I study the following paper about finite $p$-groups,
Finite groups in which the non-normal subgroups have nontrivial intersection, N. Blackburn, Journal of algebra, 3, 30-37 (1966).
In this paper the intersection of all non-normal subgroups of $G$ is denoted by $R(G)$. We say that a group $G$ is an $R$-group if $G$ is not a Dedekind group and $R(G)\neq 1$.
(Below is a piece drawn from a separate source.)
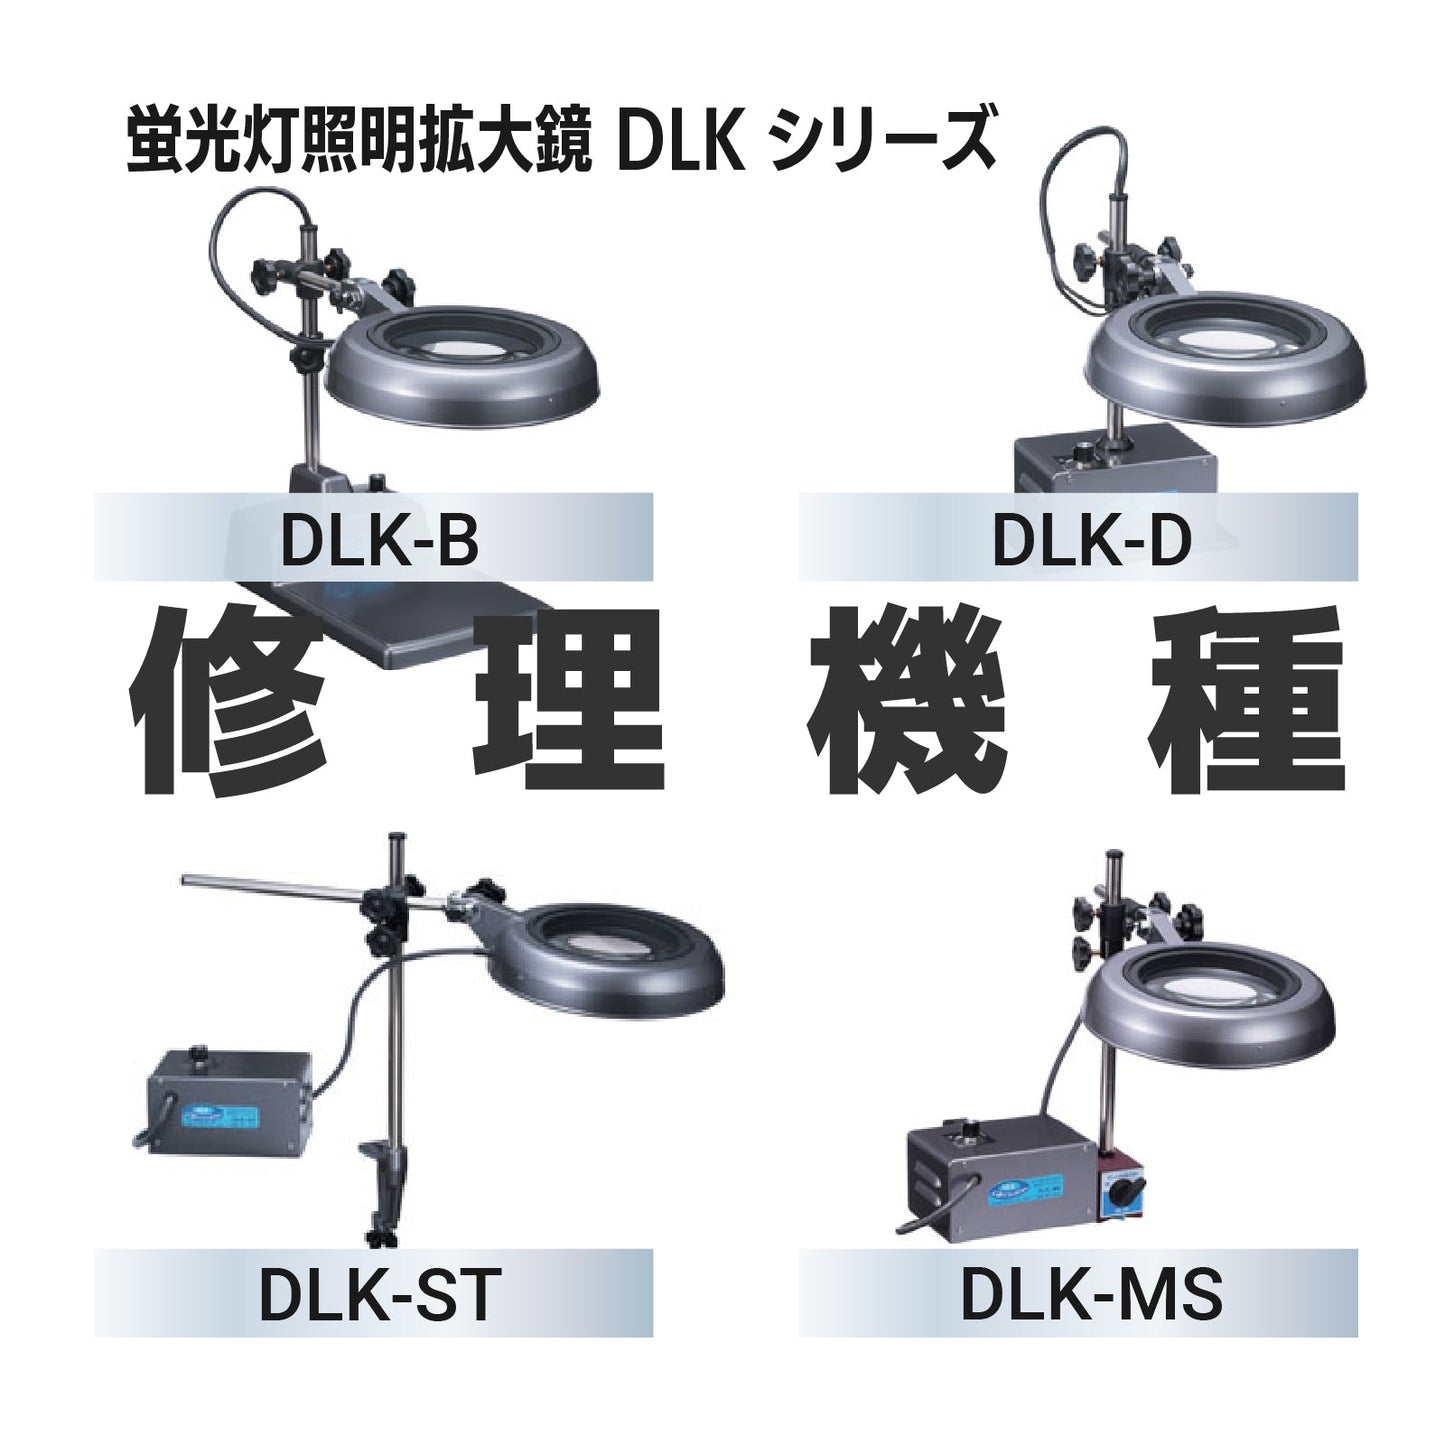 Serie DLK: DLK-B,D,ST,MS

The main result of this paper is as follows,
Let $G$ be a finite $p$-group. If $G$ is an $R$-group, then $p=2$ and one of the following holds.\ (i) $G\cong Q_8\times C_4\times E$, where $E$ is elementary abelian.\ (ii) $G\cong Q_8\times Q_8\times E$, where $E$ is elementary abelian.\ (iii) $G$ is a $Q$-group, i.e. $G=\langle x,A\rangle$, where $A$ is an abelian subgroup which is not elementary abelian, $x^2\in A$ has order $2$, and $a^x=a^{-1}$ for all $a\in A$. In this case $R(G)=\langle x^2\rangle$. Also, if $A$ is cyclic then $G$ is a generalized quaternion group. In particular, if the centre of $G$ is cyclic, then $G$ is a generalized quaternion group.
I have a question about the third type ($Q$-groups) of this classification.
Let $c(G)$ denotes the nilpotency class of the group $G$ and $\displaystyle\bar{G}=\frac{G}{R(G)}$. Is it true that $c(G):=c(\bar{G})$?
Any commnt or answer will be appreciated!
The answer is no. If $G$ is a generalized quaternion group then $c(\overline{G}) = c(G)-1$.